I'm sorry that you feel that way. I've been put in the same place. I'm overweight. I'm cute as can be, but I'm no supermodel. I've had guys not give me a chance because I'm overweight. I bring too much to the table. All kinds of excuses. I was single for 5 years because I chose to not date the guys that would party and do drugs and what not. When him and I first started dating, he didn't go out to the bars with his friends and he never spoke to me like this. What does his shoes matching his shirt have to do with anything?


----------



## snowbum (Dec 14, 2021)

He told you yanking to a surgically enhanced image is better than real sex with you. He smokes dope and drinks. Would you praise your friend if she chose this guy?


----------



## BecauseSheWeeps (10 mo ago)

oldshirt said:


> I don’t want to sound sexist because men do this too.
> 
> a hot blond with slender waistline, firm butt and big boobs that gives good BJs can get away with just about anything.

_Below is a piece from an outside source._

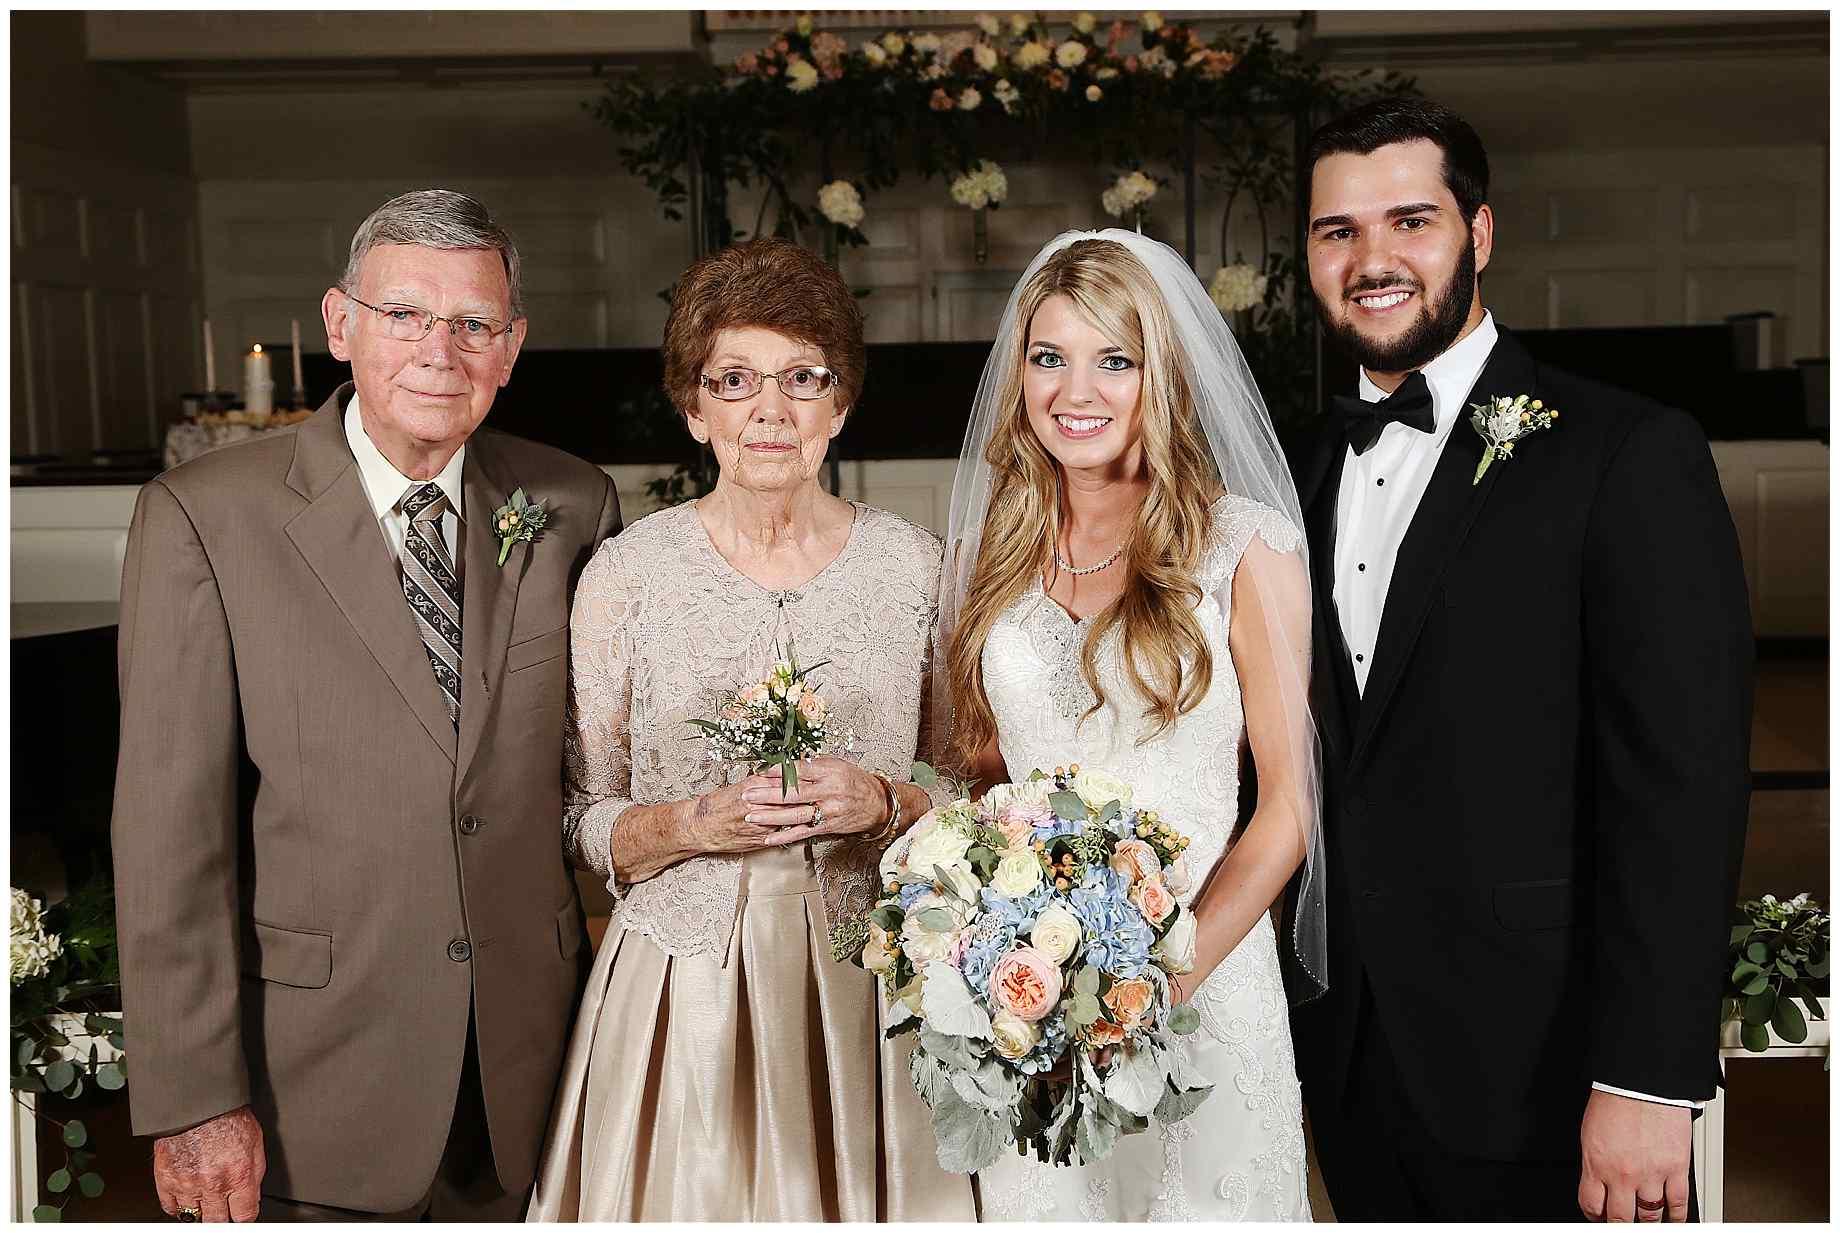 centenary-college-wedding-photos-shreveport-017b

Thank you. All I ever hear about is how the mother of his child was so horrible to him and he put up with so much from her. The difference between her and I - she's tall, thin, she's not that easy on the eyes but she's pretty damn attractive when you aren't looking at her face. And yes, it pisses me off because he talks about her non stop and they haven't been together for probably 10 years.


----------



## elliblue (7 mo ago)

If he is a narcissist or any kind of crazy, you're too. Birds of a feather stick together...


----------



## BecauseSheWeeps (10 mo ago)

snowbum said:


> He told you yanking to a surgically enhanced image is better than real sex with you. He smokes dope and drinks. Would you praise your friend if she chose this guy?

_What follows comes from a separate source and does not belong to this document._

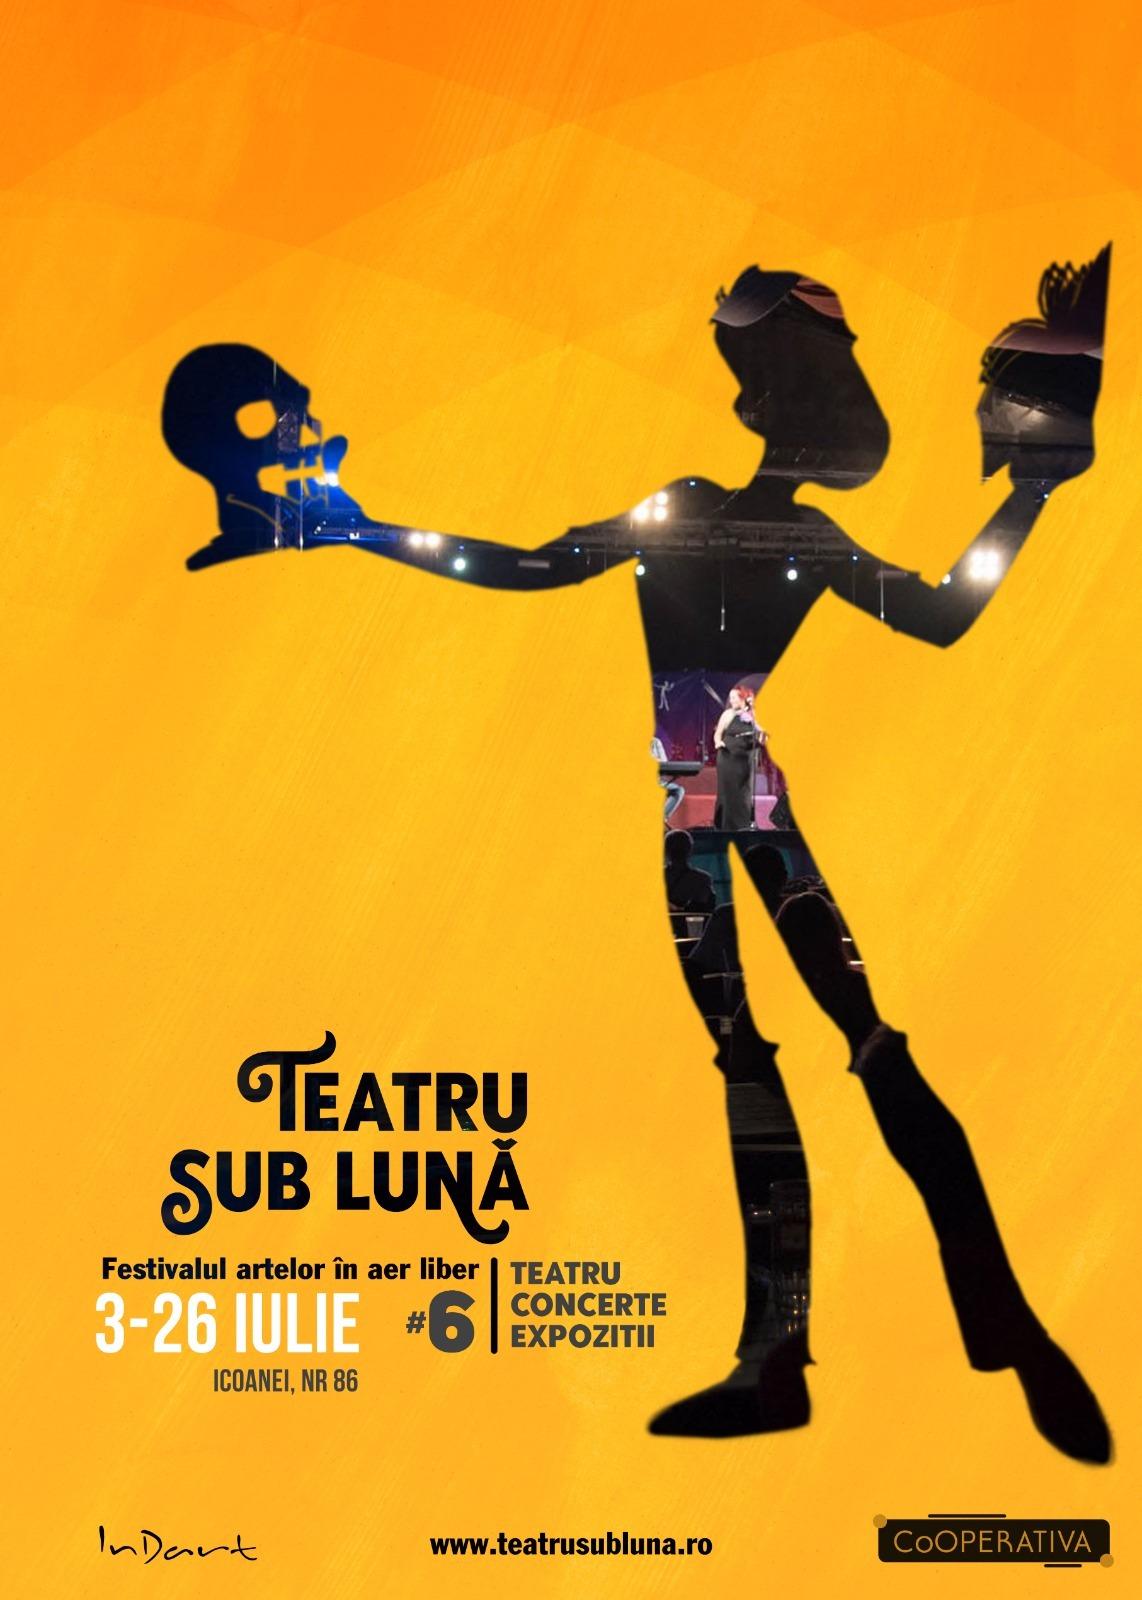 weekend 3-5 iulie festivalul teatrul sub luna

Absolutely no I would not. He never said that it is better. He always tells me that the sex that we do have, he really enjoys but then he lets emotional crap from life get in the way of that.


----------



## BecauseSheWeeps (10 mo ago)

Affaircare said:


> @BecauseSheWeeps
> 
> I'm 60yo and my Beloved Hubby is too--we still have a fun and active sex life. 35yo is NOT "too old for a sex drive"!! And even though I'm a dedicated, committed wife and only wanted one husband, I've been married three times: exH cheated on me and chose to divorce rather than quit cheating--Dear Hubby passed away in 2017--and now my Beloved Hubby is my 3rd marriage! I would have NEVER thought that would be how my life would turn out, but when you've been around a long time, it happens. My Beloved Hubby has also been married FOUR times: 1st wife was just too young and when he went off to service, she spent all their money--2nd wife was in the service too but got stationed elsewhere and well...she took up with a fella who was nearby instead of being faithful--3rd wife he stayed married to for almost 30 years and she decided she wanted a divorce; he didn't want it but what can you do? Here we are. Having a couple marriages isn't a stigma unless you make it that way. The trick is to learn from each marriage and do better. Love yourself more than to accept poor treatment. Learn about what commitment means. Learn about healthy marriage and your own personality and your own love language and emotional needs. Choose someone who is a good fit for you.
> 
> Your husband is an alcoholic, drug-taking, porn addicted, physically and emotionally abusive, codependent person with mental health issues. Does that help you choose to love yourself more than to continue to put up with this treatment? I hope adding that label motivates you to get out of this toxic, unhealthy environment.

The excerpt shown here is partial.